New England Conservatory just completed a festival devoted to the music of Alvin Lucier, one of the small number of composers who, during and since the 1960s, has sought to give voice to the different drummers they heard deep inside. Five programs originally were scheduled for Sunday through Tuesday, March 11, 12, and 13, at the Conservatory’s Williams and Jordan Halls. However, last night, NSTAR’s power transformers burst into flames and plunged all of Boston’s Back Bay into darkness, so the anticipated final concert could not take place. This review, therefore, covers the first four of the series.
Alvin Lucier, now 81, is one of the most sensitive, poetic, and challenging of that group of then-young composers who emerged during the 1960s. He began working with electronic music when he became director of the country’s second Electronic Music Studio, established by Irving Fine at Brandeis University in the early 1960s. Working in that studio, Lucier experimented with musique-concrete, loops of sounds made from spliced quarter-inch tape, and feedback systems. Recognizing a connection between electronic circuits and brains, Lucier began experimenting with the musical implications of his own brain waves, a study that resulted in the gentle Music for Solo Performer (1965).
Prior to this, Lucier had won a Fulbright Award for study in Italy. He had been composing lovely neoclassic music, pieces in which each pitch was placed into just the right resonant relationship with the surrounding sounding pitches. His intense focus on the effect a sound can have on its environment has remained constant throughout his music. And what music it is! Minimalist before the frenetic minimalism of the New York school, lyrical without being melismatic, austere and economical in its simplicity before the more recent retreat to mediaevalism, both space-filling and filled with space in ways that Stockhausen’s Gruppen for three orchestras can never achieve, Lucier’s music provides a setting that lets the listener realize again that the true place of music-making is in each listener’s head. The absolutely lovely performance by Edward Kass of A Tribute to James Tenney (1986) for solo double bass and pure wave oscillators exemplified this quality beautifully. And that was only one of the many pieces in which this magic quality emerged.
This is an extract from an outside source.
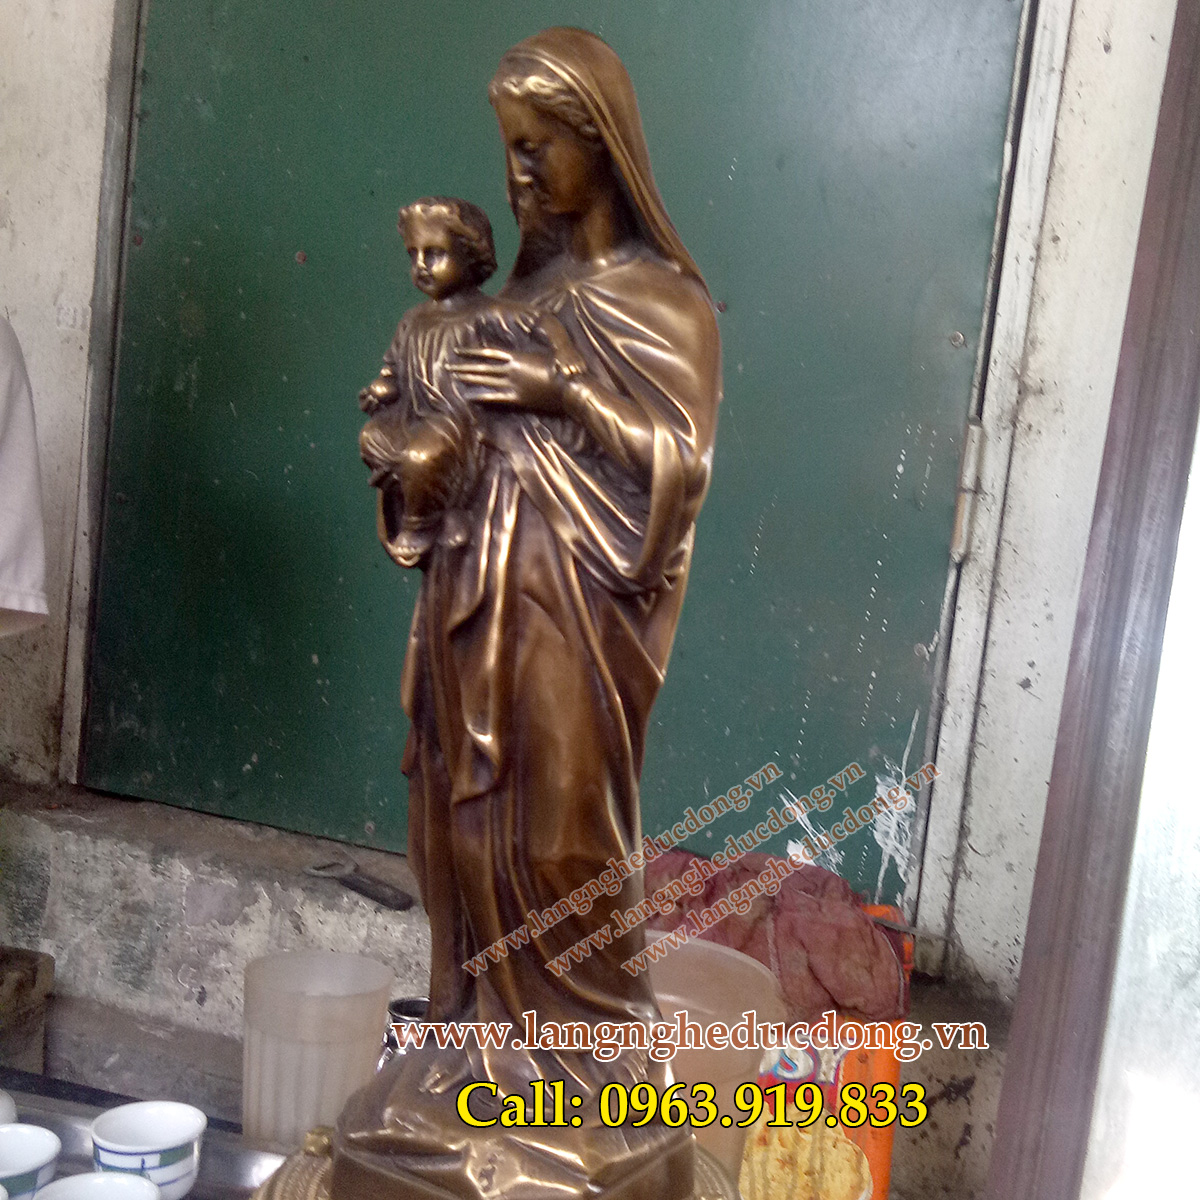 Tượng đức mẹ maria bằng đồng 40cm, đức mẹ bồng con

The attention to and quality of the performances was outstanding.
Conservatory faculty member Steven Drury assembled Lucier’s music and that of other composers (Feldman, Chopin, Wolff, and others), into programs that were comprehensive, satisfying, and at the same time, still provocative. This exhilarating and freshly awakened quality so present during performances of the festival was, alas, brought to a sudden close by the fire. Perhaps soon, we will get to hear the world premiere of Braid, a work for flute, english horn, clarinet, violins, viola, and cello, and more of Lucier’s music in Jordan Hall. Many of us want to listen closely to more of this unique and lovely music. In the meantime, as a grateful NEC faculty member, I say thank you, Steve, and thank you, Alvin.